The Amateur Soldiers Who Won America's Independence

by Jack Kelly

Pub Date: Sept. 9th, 2014
ISBN: 978-1-137-27877-7
Publisher: Palgrave Macmillan

Journalist and historian Kelly chronicles the poorly trained but determined men who fought with George Washington and other commanders to free the North American continent from British rule in the late 18th century.
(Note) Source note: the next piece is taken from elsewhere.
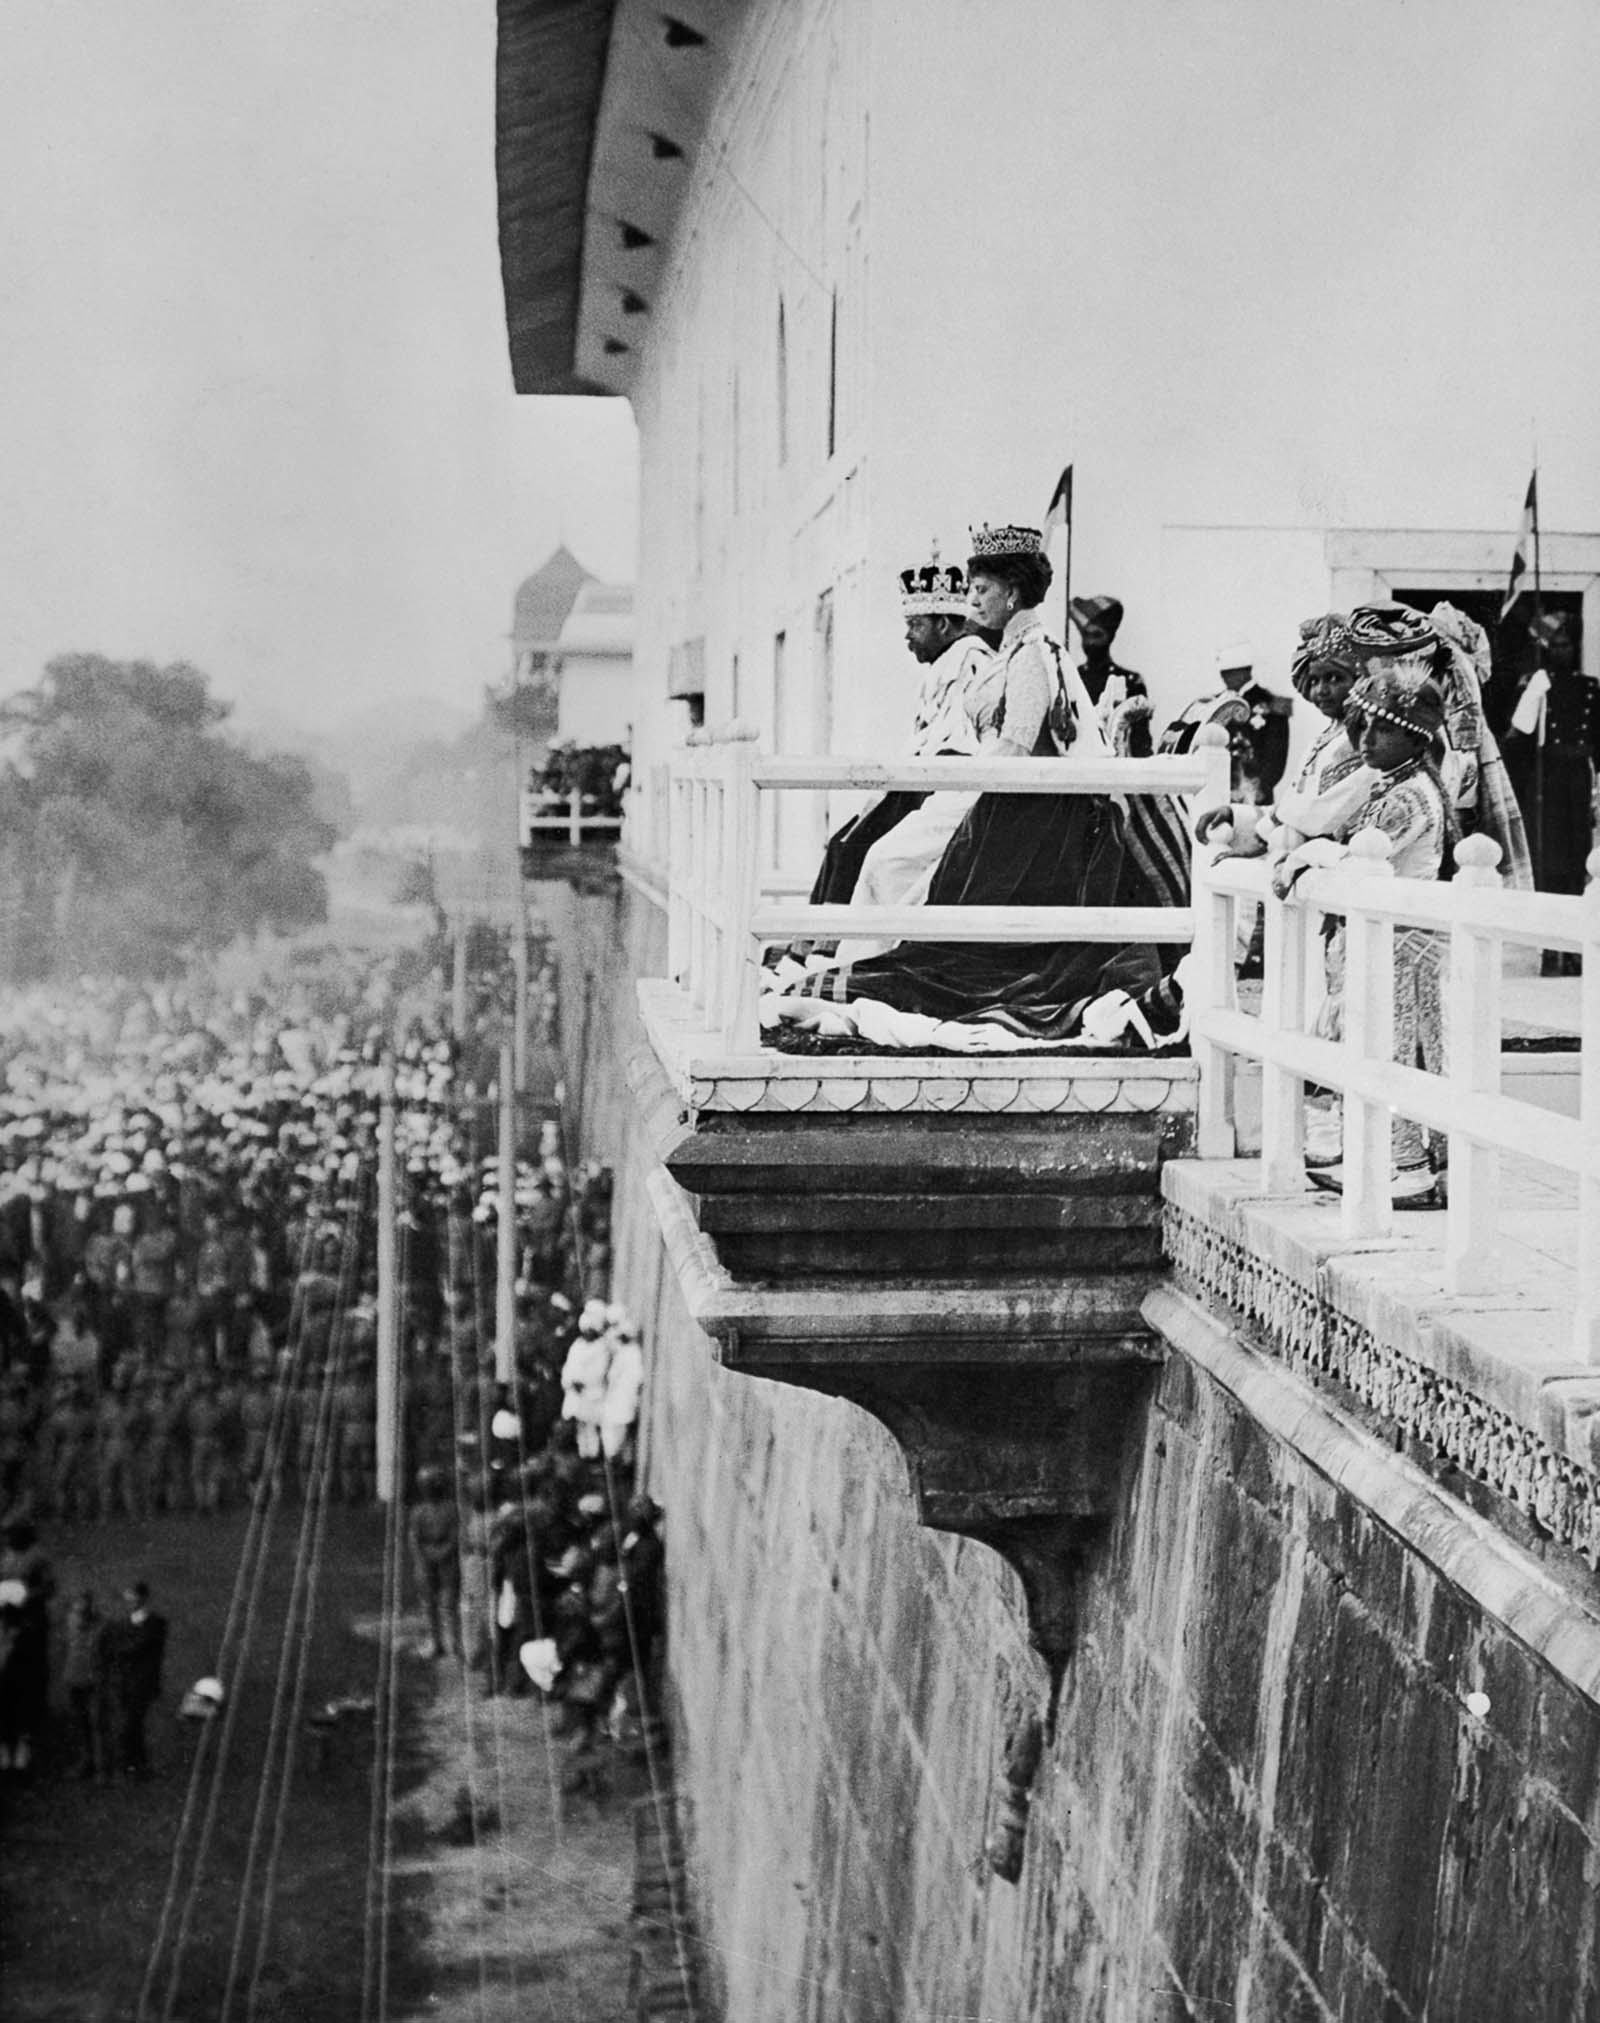 Lorsque la famille royale britannique est allée en Inde pour le couronnement et une expédition de chasse, 1911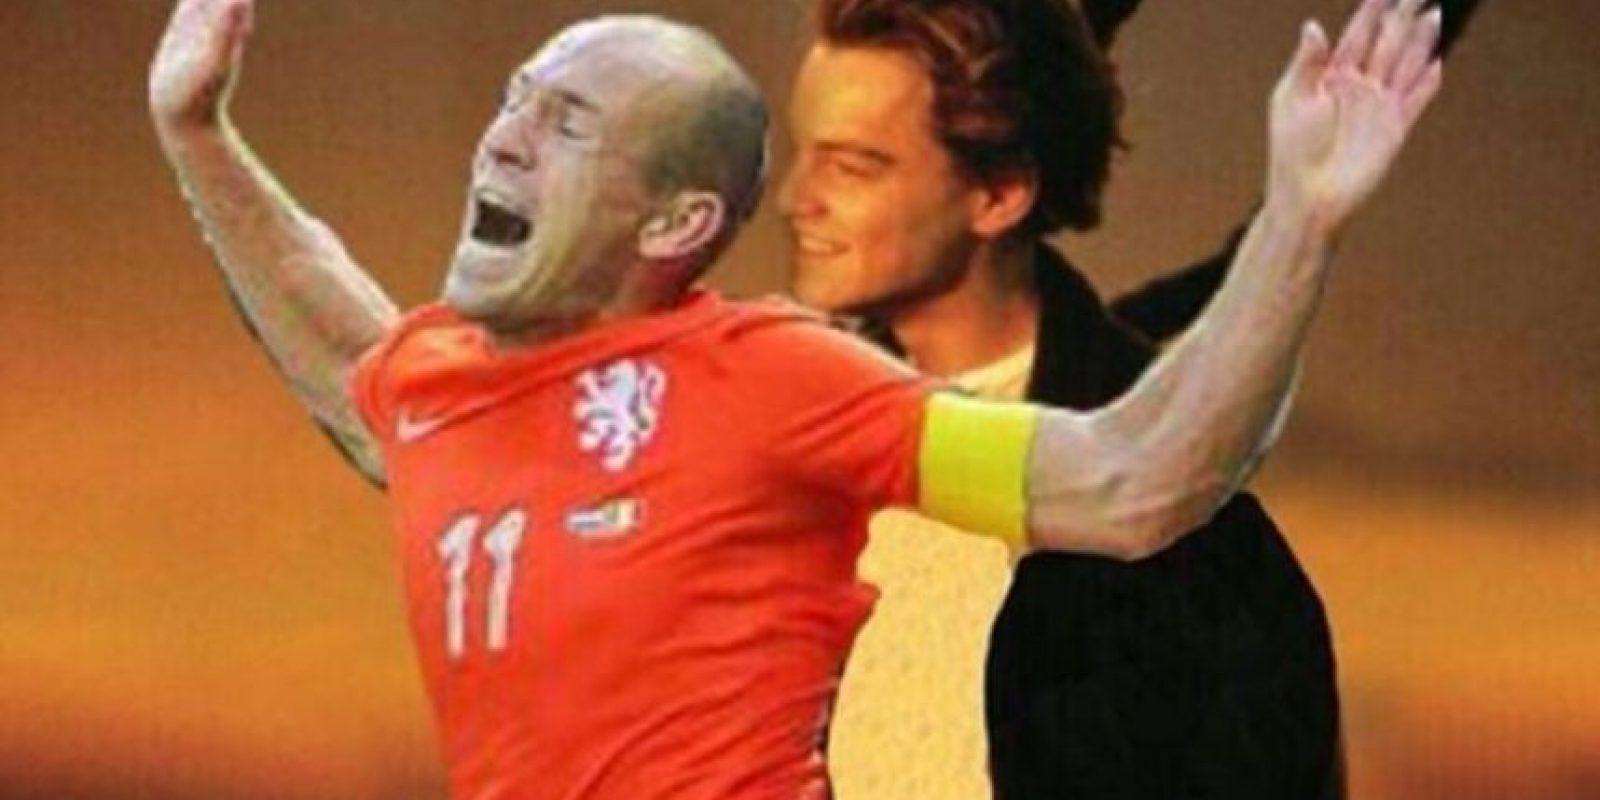 La caída del jugador holandés Arjen Robben en el partido de Holanda contra México en el Mundial Brasil 2014 Foto:Twitter

In an oft-told but still inspiring saga, the author opens his popular history in 1754, as a young Washington was becoming seasoned in battles against French troops seeking to encroach on British territory. After that introduction, Kelly moves the action to 1774, as Washington commands a bunch of ragtag soon-to-be Americans against the British monarchy, which had lost favor due to high taxes, among many other transgressions. Kelly is fascinated by the details of specific battles, but he is well-aware that without finely wrought character sketches of those carrying out the fighting, military history can fall flat on the page. As a result, the author has carefully chosen his heroes and villains, using both primary and secondary sources to explain their paths to battle. A combination of psychobiography, lively prose and generous foreshadowing keeps the narrative moving from battle to battle, year after year, until the story ends in 1783. In the final chapter, Kelly looks back from the year 1824 at the remarkable victories of the revolutionaries; it was the 50th anniversary of the self-styled patriots’ encounter with the well-equipped British musketeers at Lexington Green. “Then began a celebration,” writes the author, “such as the nation had never seen: dinners, galas, speeches, salutes, parades, fireworks. At the Lafayette Ball…five thousand guests wandered through a fairyland dominated by thirty-foot-high transparencies showing Lafayette, Washington, and the marquis’ French estate at La Grange.” The hardships the patriots endured—lack of first-rate equipment, food, clothing and protection from severe weather, among other problems—were seared in the memories of the celebratory survivors and those who followed in the experiment of American democracy.

A rousing account of bloody sacrifice.